> [What you should do] When you copy the material below, keep every line exact and leave each picture out.

> [Dataset excerpt]
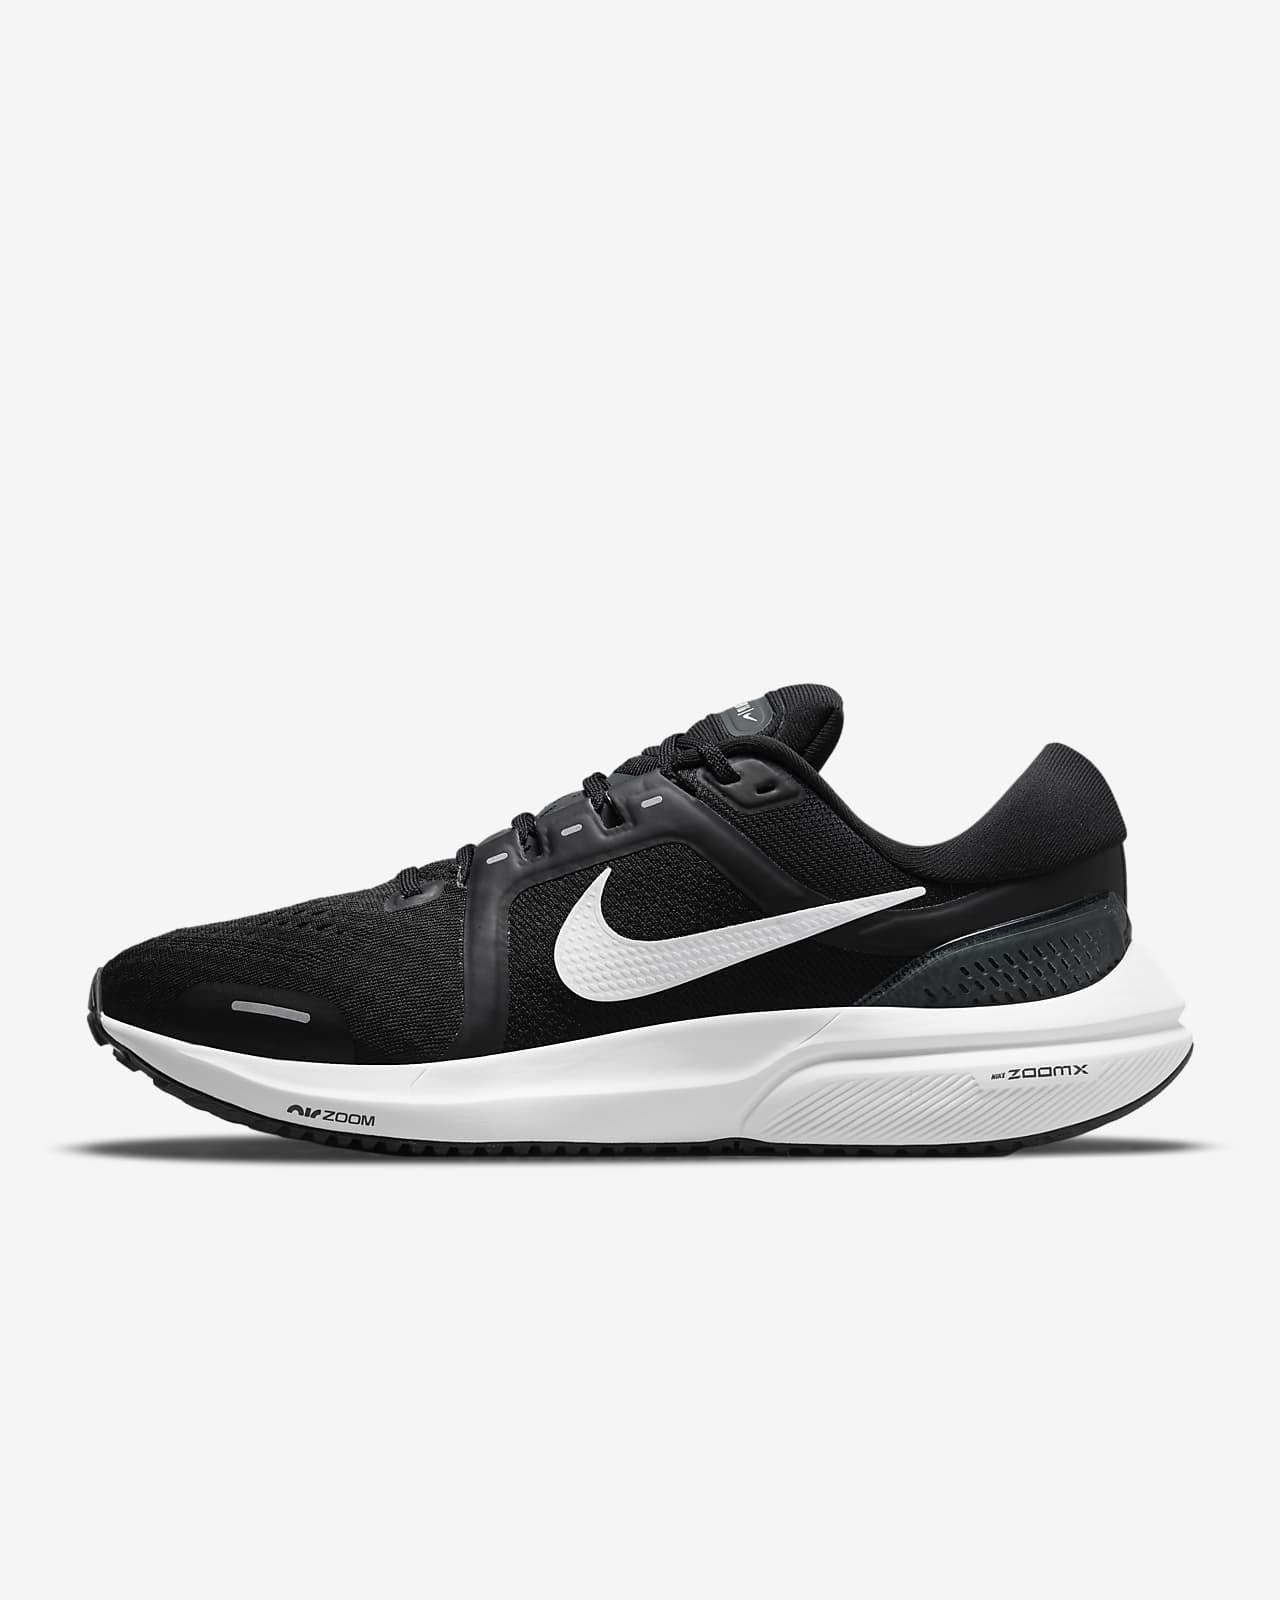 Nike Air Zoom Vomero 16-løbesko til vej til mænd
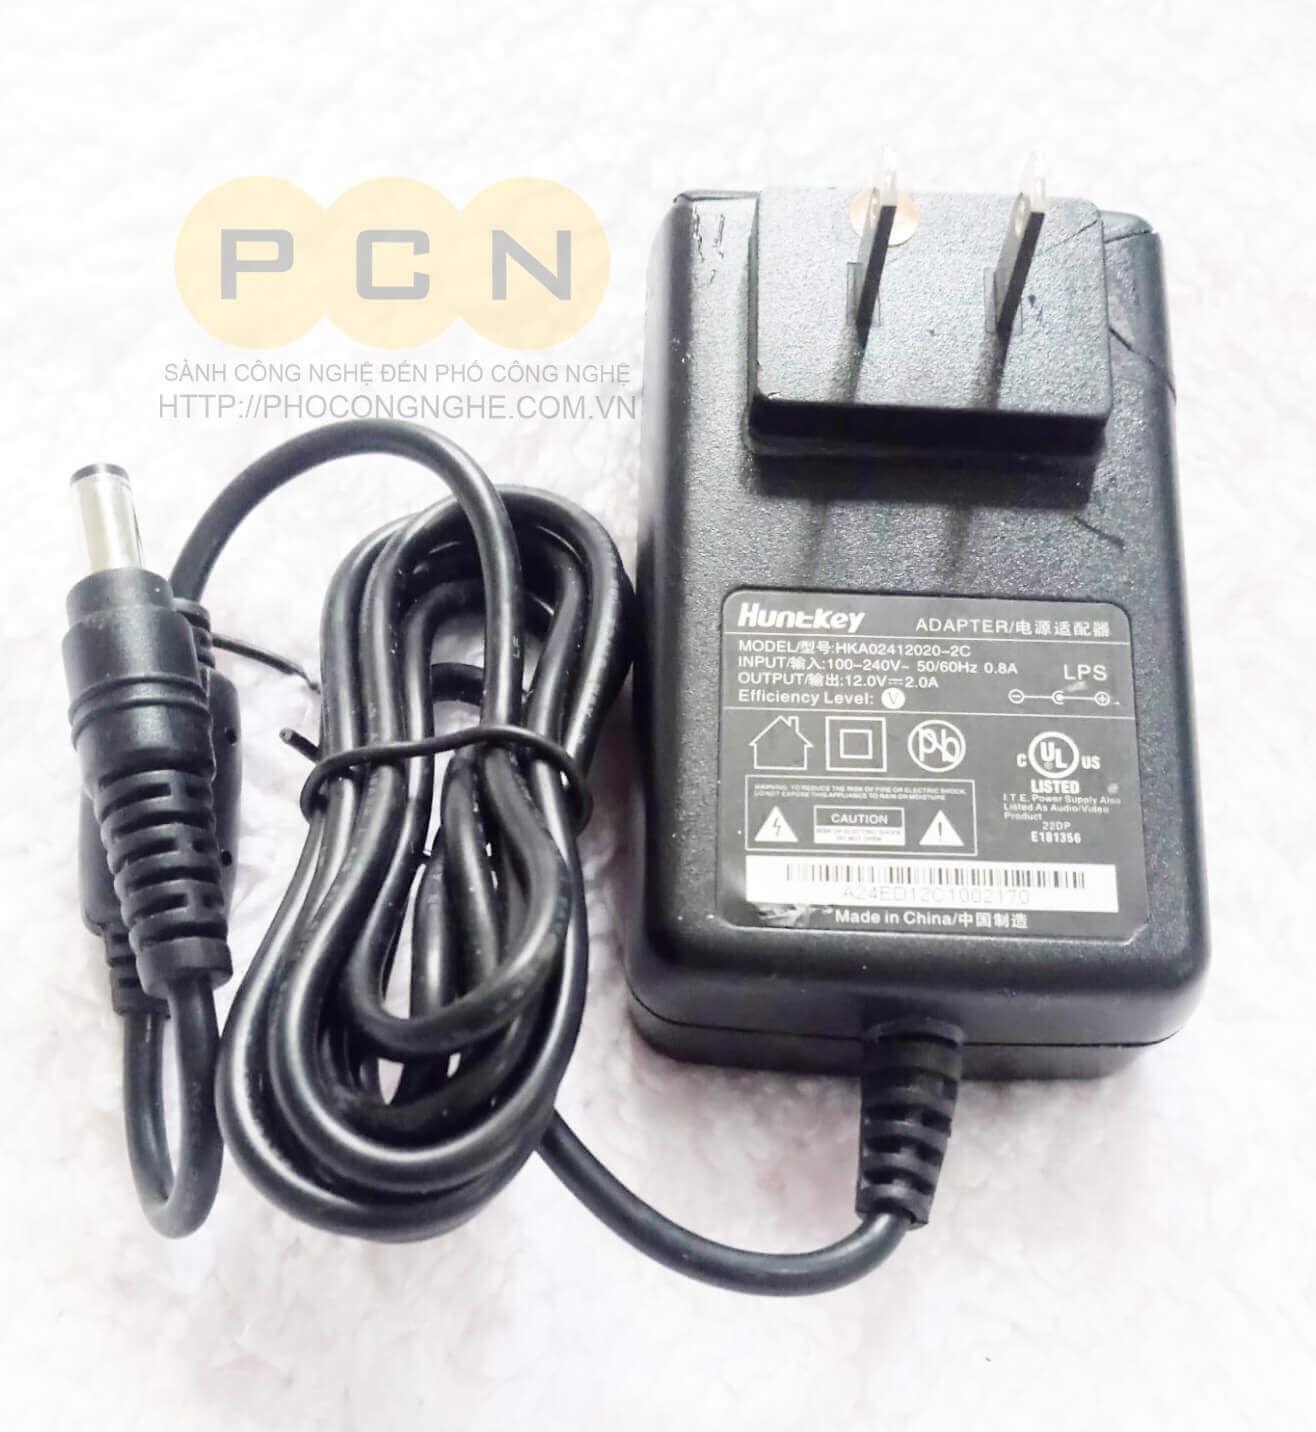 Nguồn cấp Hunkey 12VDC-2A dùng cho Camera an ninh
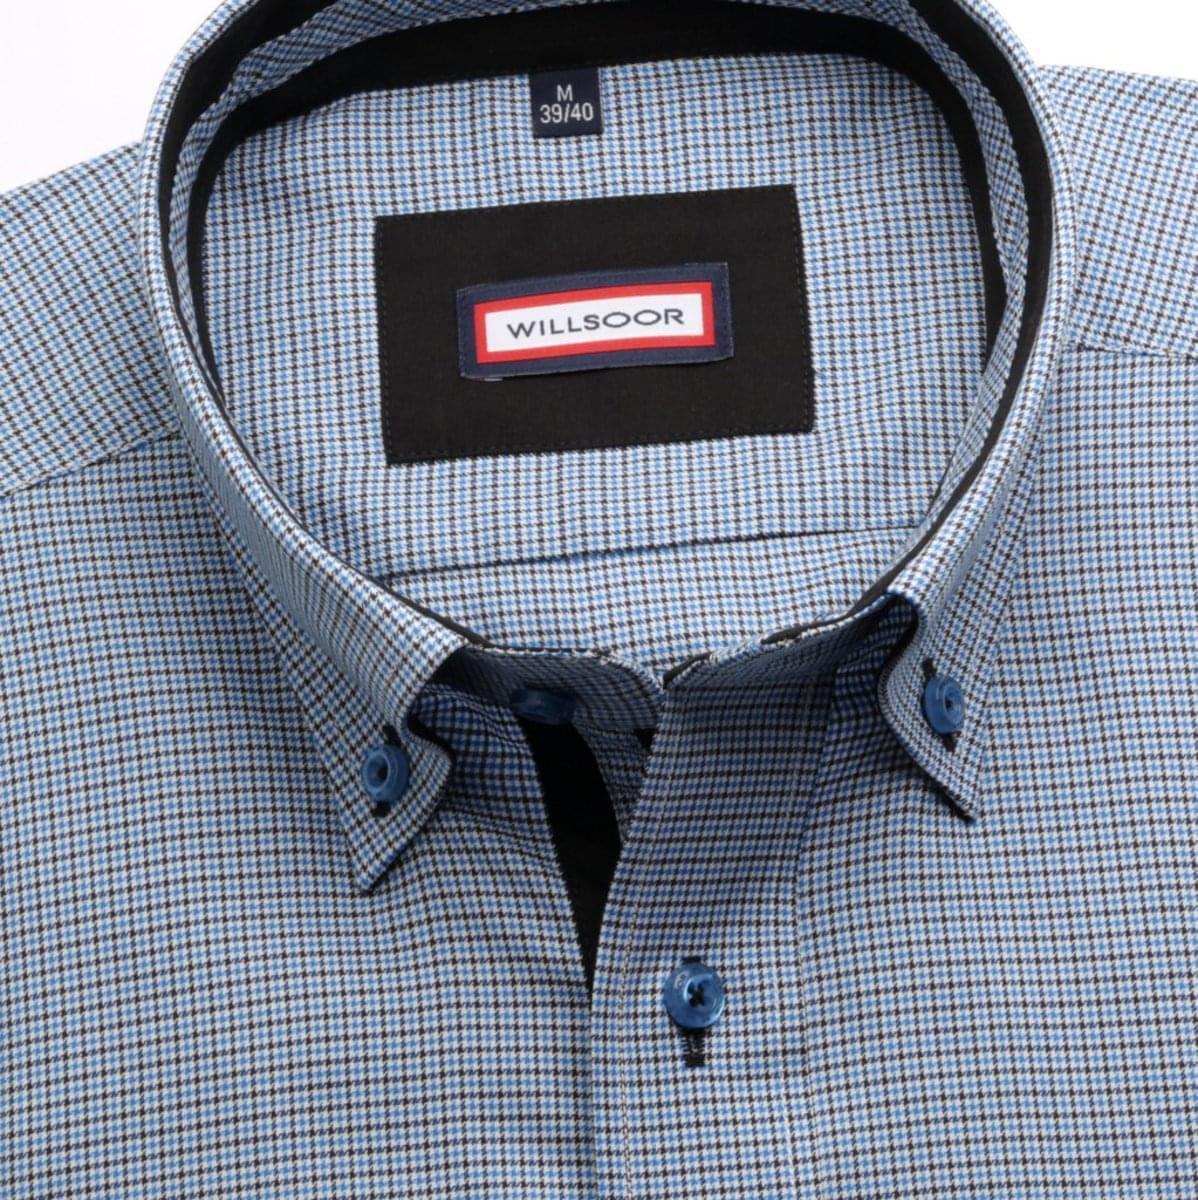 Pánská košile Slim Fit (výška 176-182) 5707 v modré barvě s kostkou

> [Response area]
 Nike Air Zoom Vomero 16-løbesko til vej til mænd
 Nguồn cấp Hunkey 12VDC-2A dùng cho Camera an ninh
 Pánská košile Slim Fit (výška 176-182) 5707 v modré barvě s kostkou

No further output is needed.